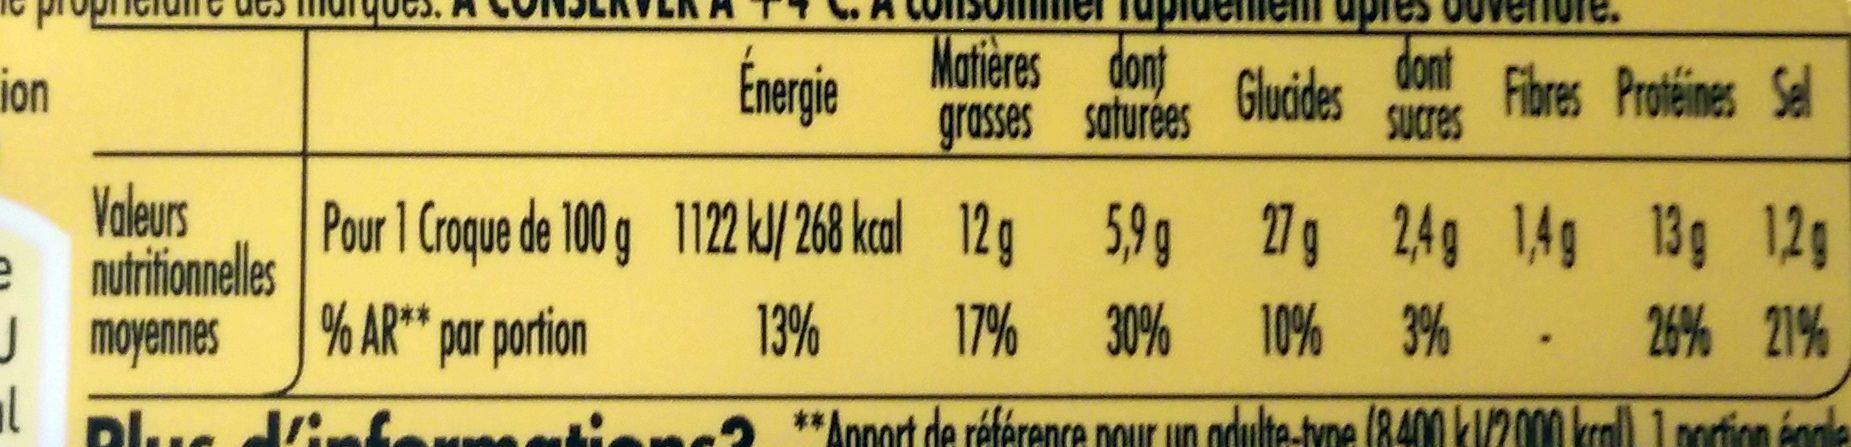 Tendre Croc' L'Original Jambon Fromage -25% de Sel - Informations nutritionnelles - fr
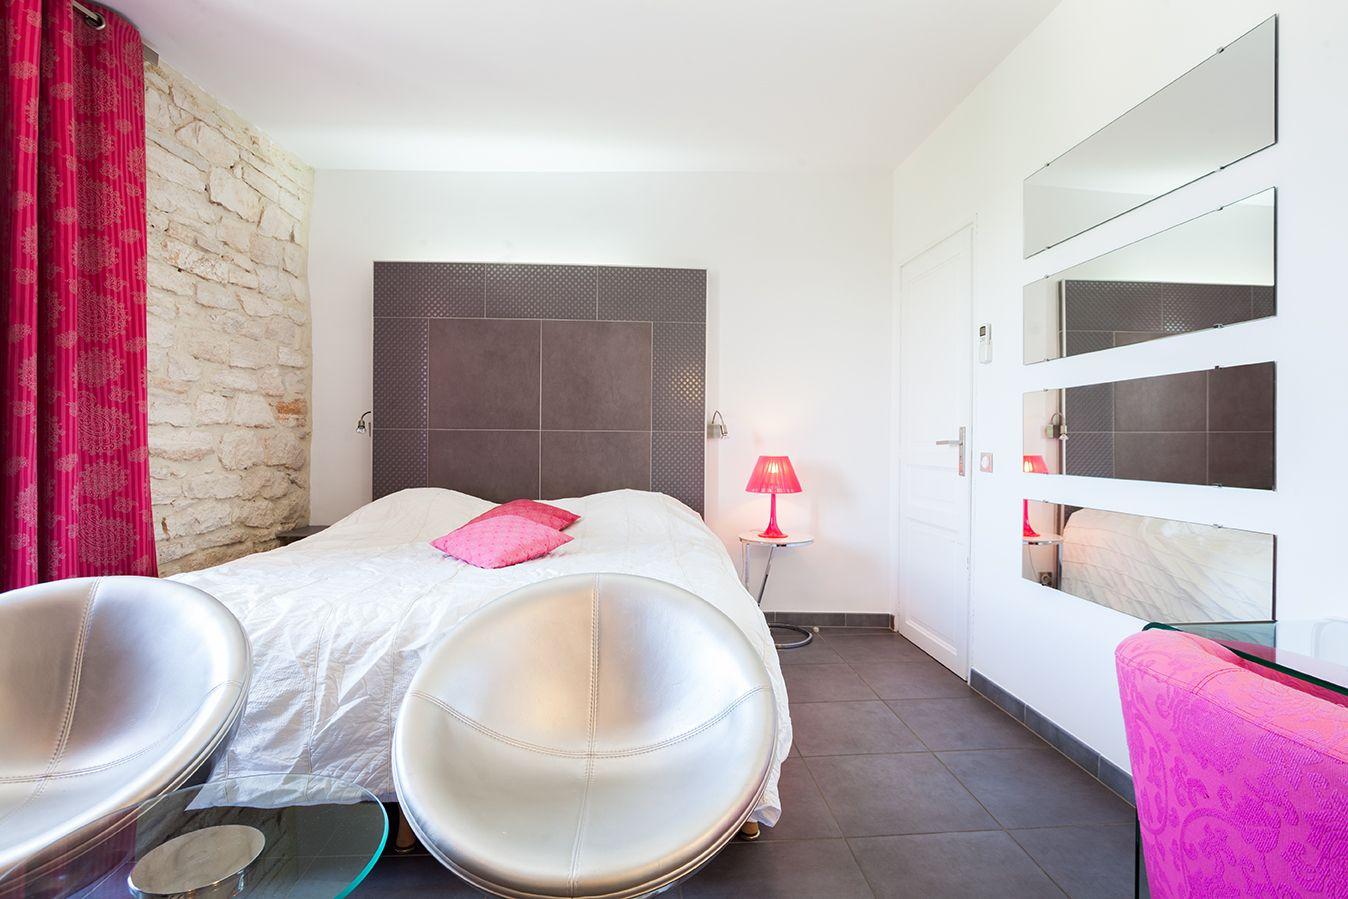 Un séjour paisible dans la chambre Charme de l' #hotel Le Mas. #contemporain #moderne #colour #rose #pink #blanc #white
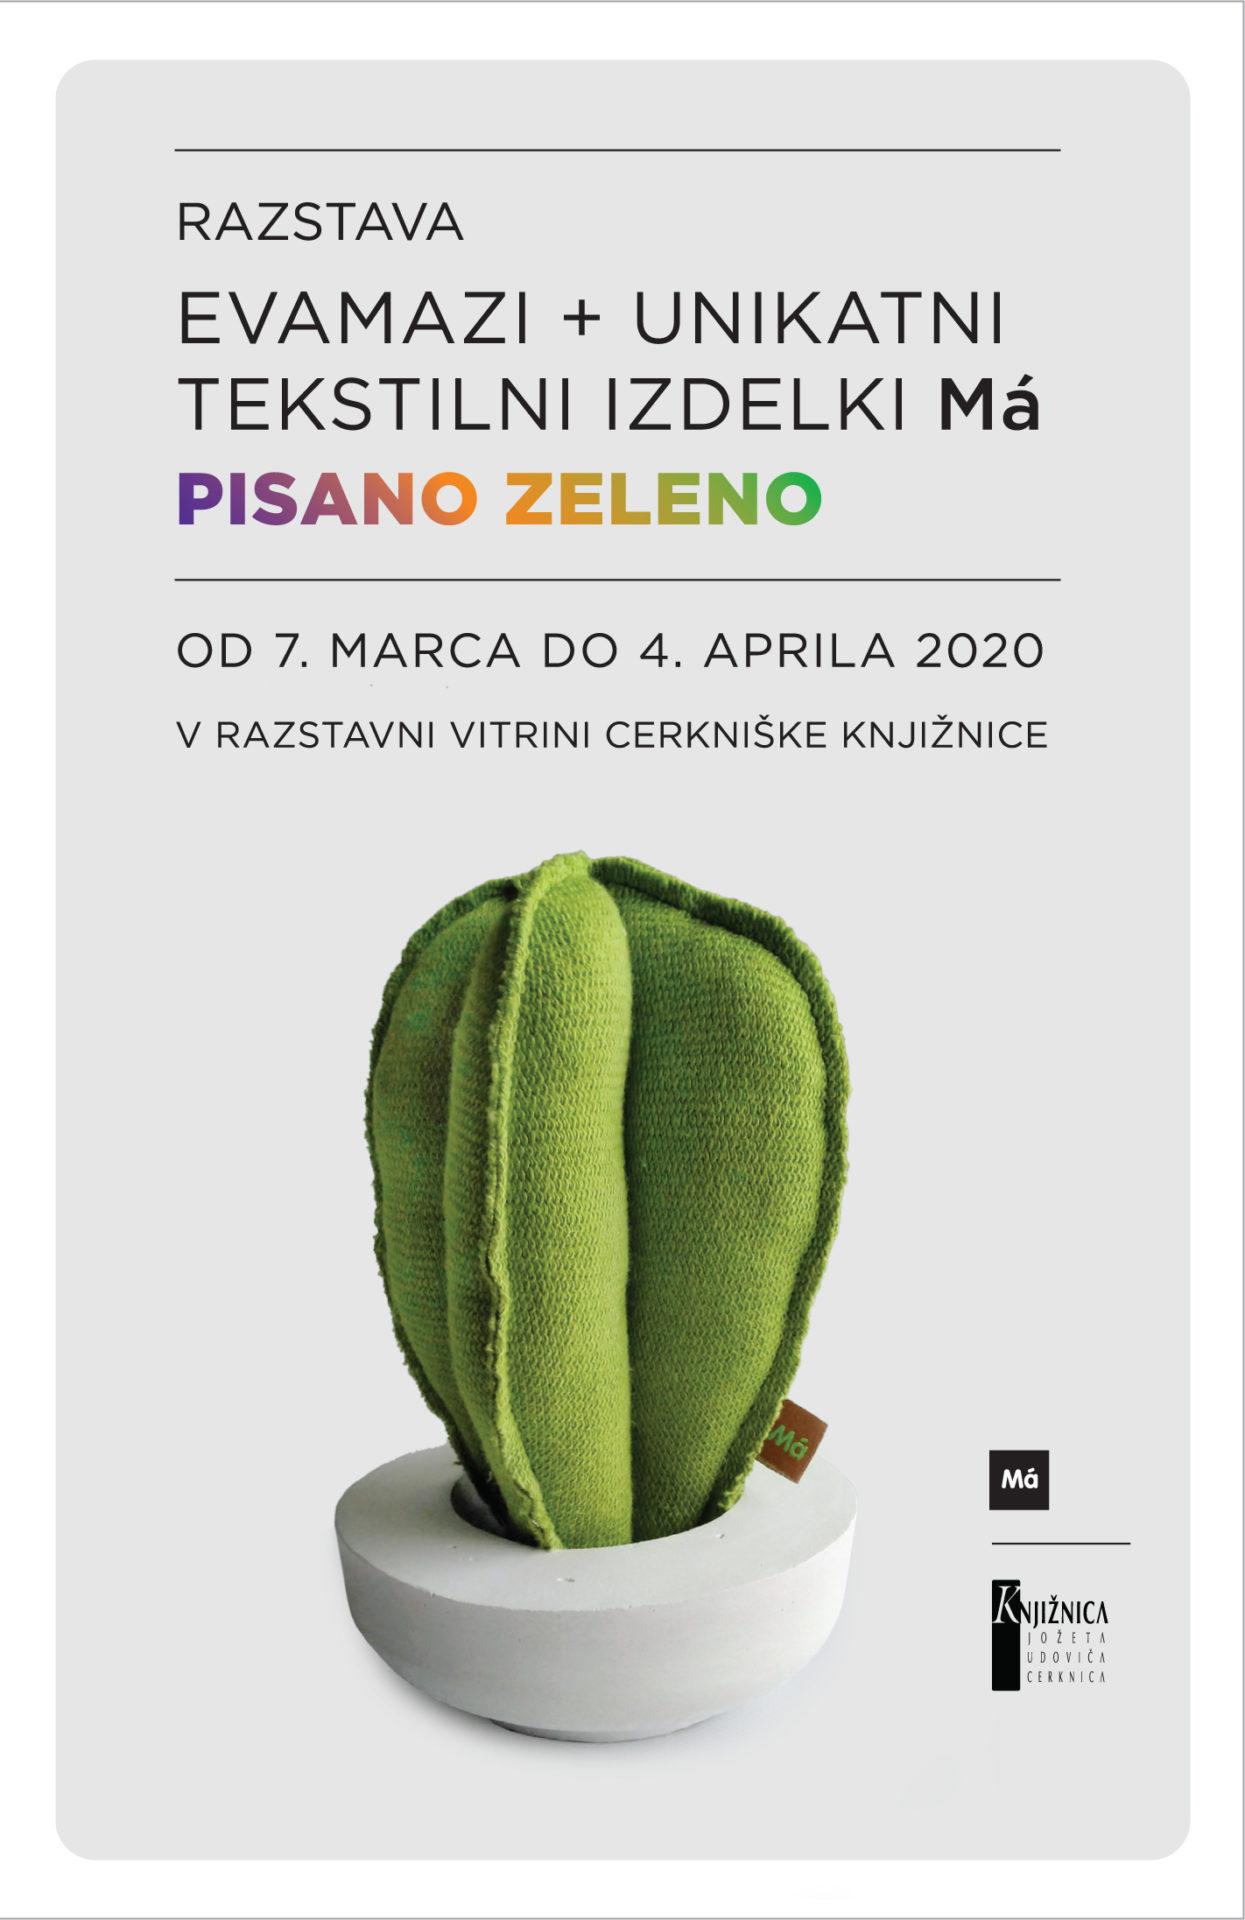 vabilo copy - Pisano zeleno - razstava oblikovalke Eve Mazi

•••••

Print the material word for word; images are to be left out.

 Tendre Croc' L'Original Jambon Fromage -25% de Sel - Informations nutritionnelles - fr
 Un séjour paisible dans la chambre Charme de l' #hotel Le Mas. #contemporain #moderne #colour #rose #pink #blanc #white
 vabilo copy - Pisano zeleno - razstava oblikovalke Eve Mazi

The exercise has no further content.